We’ll skip a long introduction and tutorial for JMeter because you can find a lot within the documentation and there are lots of tutorials online.

Our environment

Within the book repository you’ll find a folder named jmeter it contains several things:

  1. Several files ending with .jmx like Pure-Create-Products.jmx and so on.
  2. A CSV file containing 100.000 valid product IDs named product-ids.csv.
  3. A file named benchmarks.md.

The .jmx files are the configuration files for JMeter which can be used to run the benchmarks. They are hopefully named understandable and are expected to be run in the following order:

  1. Create products
  2. Load products
  3. Update products
  4. Load all products

The file product-ids.csv is expected in the /tmp folder, so you’ll have to copy it there or adjust the benchmark configurations.

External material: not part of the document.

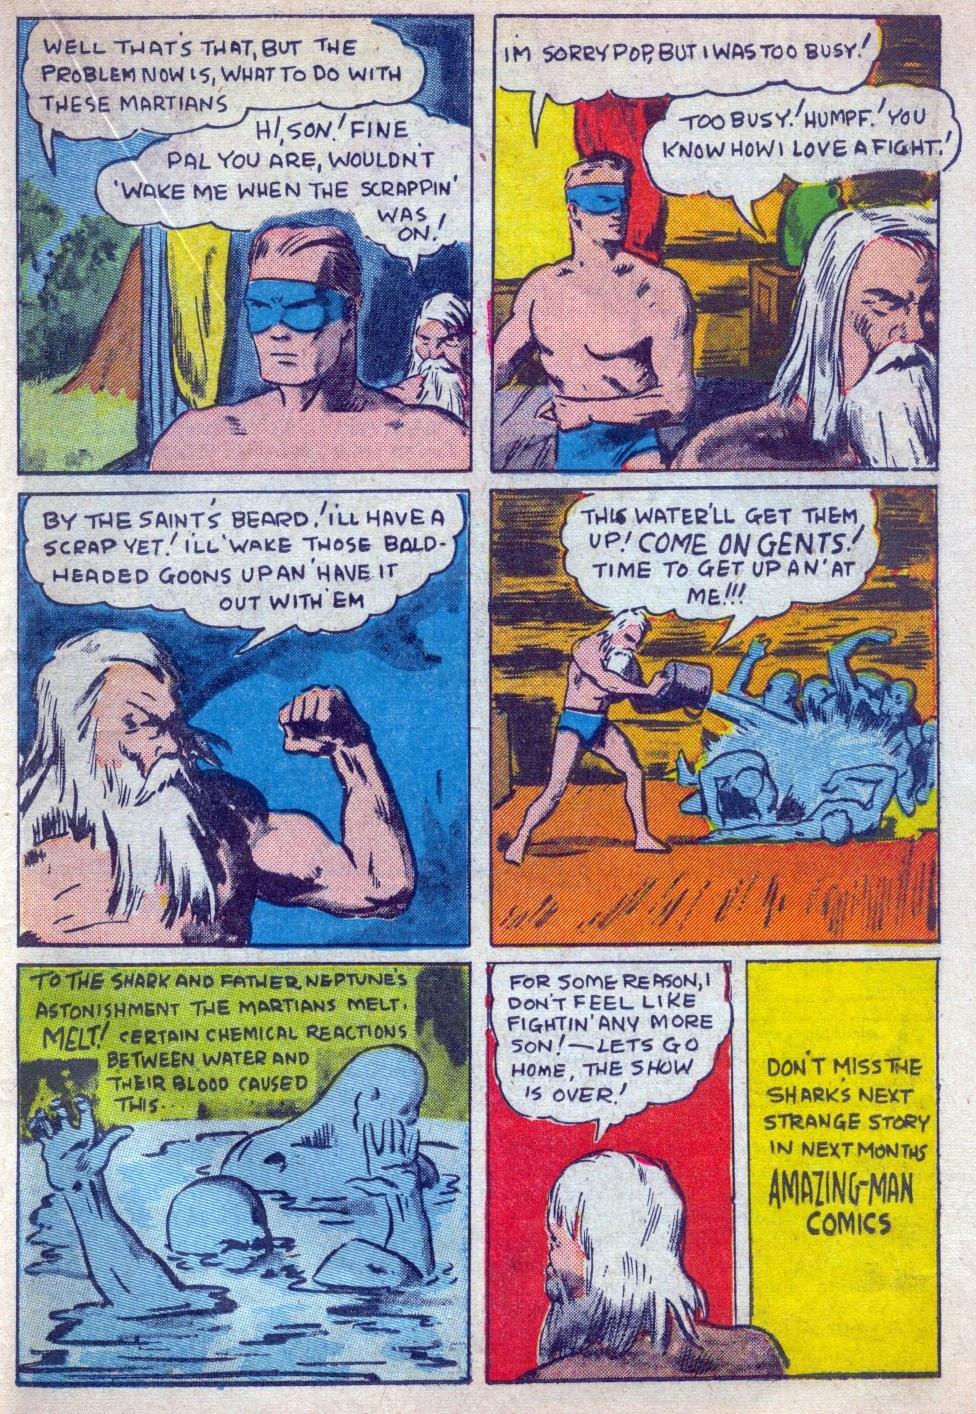 Read online Amazing Man Comics comic -  Issue #15 - 42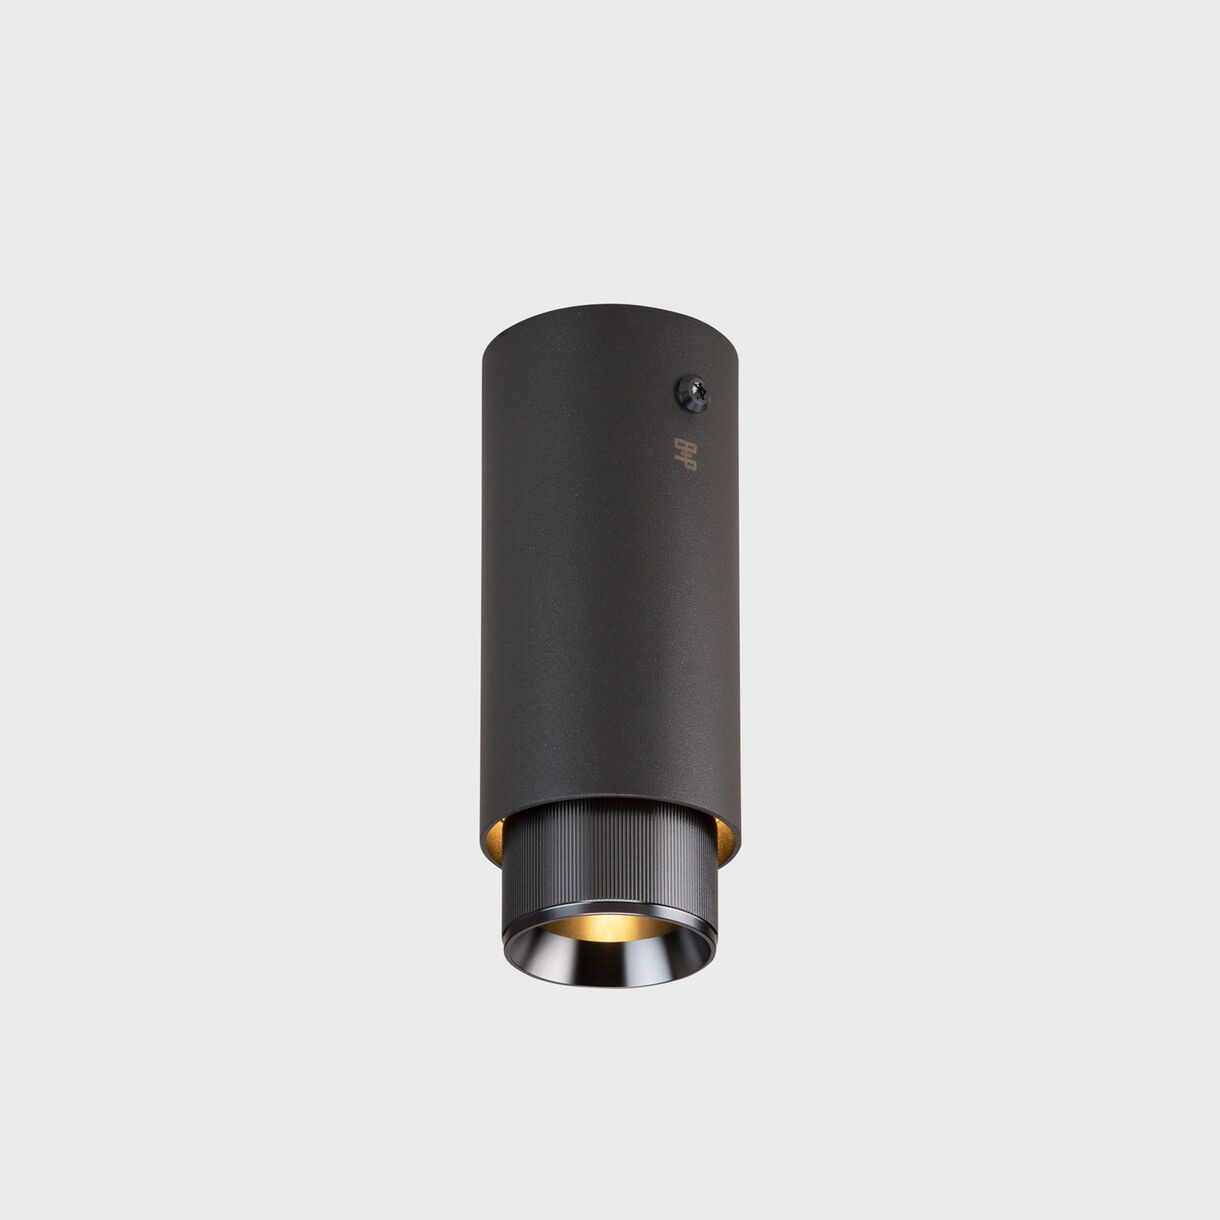 Exhaust Surface Light, Graphite & Gunmetal

Finally the file benchmarks.md holds detailed information about the benchmark runs (each one was done three times in a row).

System environment

Service and testing software (Apache JMeter) were run on different workstations connected via 100 MBit/s network connection.

Service workstation

CPU Core i5-9600K, 6 Cores, 3,7 GHz
RAM 32 GB
HDD 2x Samsung SSD 860 PRO 512GB, SATA
OS FreeBSD 12 (HT disabled)
JDK 11.0.4+11-2
DB PostgreSQL 11.3

Client workstation

CPU AMD Ryzen Threadripper 2950X
RAM 32 GB
HDD 2x Samsung SSD 970 PRO 512GB, M.2
OS FreeBSD 12 (HT disabled)
JDK 11.0.4+11-2

Apache JMeter version 5.1.1 was used to run the benchmark and if not noted otherwise 10 threads were used with a 10 seconds ramp up time for each benchmark.

Comparison

So let’s start with comparing the results. As mentioned more details can be found in the file benchmarks.md. We’ll stick to using the average of the metrics across all three benchmark runs. The following abbreviations will be used in the tables and legends.

AVG
The average response time in milli seconds.
MED
The median response time in milli seconds.
90%
90 percent of all requests were handled within the response time in milli seconds or less.
95%
95 percent of all requests were handled within the response time in milli seconds or less.
99%
99 percent of all requests were handled within the response time in milli seconds or less.
MIN
The minium response time in milli seconds.
MAX
The maximum response time in milli seconds.
ERR
The error rate in percent.
R/S
The number of requests per second that could be handled.
MEM
The maximum amount of memory used by the service during the benchmark in MB.
LD
The average system load on service machine during the benchmark.

Create 100.000 products

Metric Impure Pure
AVG 98 12
MED 95 11
90% 129 15
95% 143 18
99% 172 30
MIN 53 5
MAX 1288 675
ERR 0% 0%
R/S 100.56 765.33
MEM 1158 1308
LD 16 9

Wow, I honestly have to say that I didn’t expect that. Usually the world has come to believe that the impure approach might be dirty but is definitely always faster. Well it seems we’re about to correct that. I don’t know about you but I’m totally fine with that. ;-)
But now let’s break it apart piece by piece. The first thing that catches the eye is that the pure service seems to be about seven times faster than the impure one! The average 100 requests per second on the impure side stand against an average 765 requests per second on the pure side. Also the metrics regarding the response times support that. Regarding the memory usage we can see that the pure service needed about 13% more memory than the impure one. Living in times in which memory is cheap I consider this a small price to pay for a significant performance boost.
Last but not least I found it very interesting that the average system load was much higher (nearly twice as high) in the impure implementation. While it is okay to make use of your resources a lower utilisation allows more “breathing room” for other tasks (operating system, database, etc.).

Load 100.000 products

Metric Impure Pure
AVG 7 7
MED 8 7
90% 10 9
95% 11 10
99% 14 19
MIN 4 2
MAX 347 118
ERR 0% 0%
R/S 1162.20 1248.63
MEM 1449 1538
LD 13 8

The loading benchmark provides a more balanced picture. While the pure service is still slightly ahead (about 7% faster), it uses about 6% more memory than the impure one. Overall both implementations deliver nearly the same results. But again the pure one causes significant lower system load like in the first benchmark.

Update 100.000 products

Metric Impure Pure
AVG 78 12
MED 75 11
90% 104 16
95% 115 20
99% 140 34
MIN 42 5
MAX 798 707
ERR 0% 0%
R/S 125.66 765.26
MEM 1176 1279
LD 16 8

Updating existing products results in nearly the same picture as the “create products” benchmark. Interestingly the impure service performs about 20% better on an update than on a create. I have no idea why but it caught my eye. The other metrics are as said nearly identical to the first benchmark. The pure service uses a bit more memory (around 8%) but is around 6 times faster than the impure one causing only half of the system load.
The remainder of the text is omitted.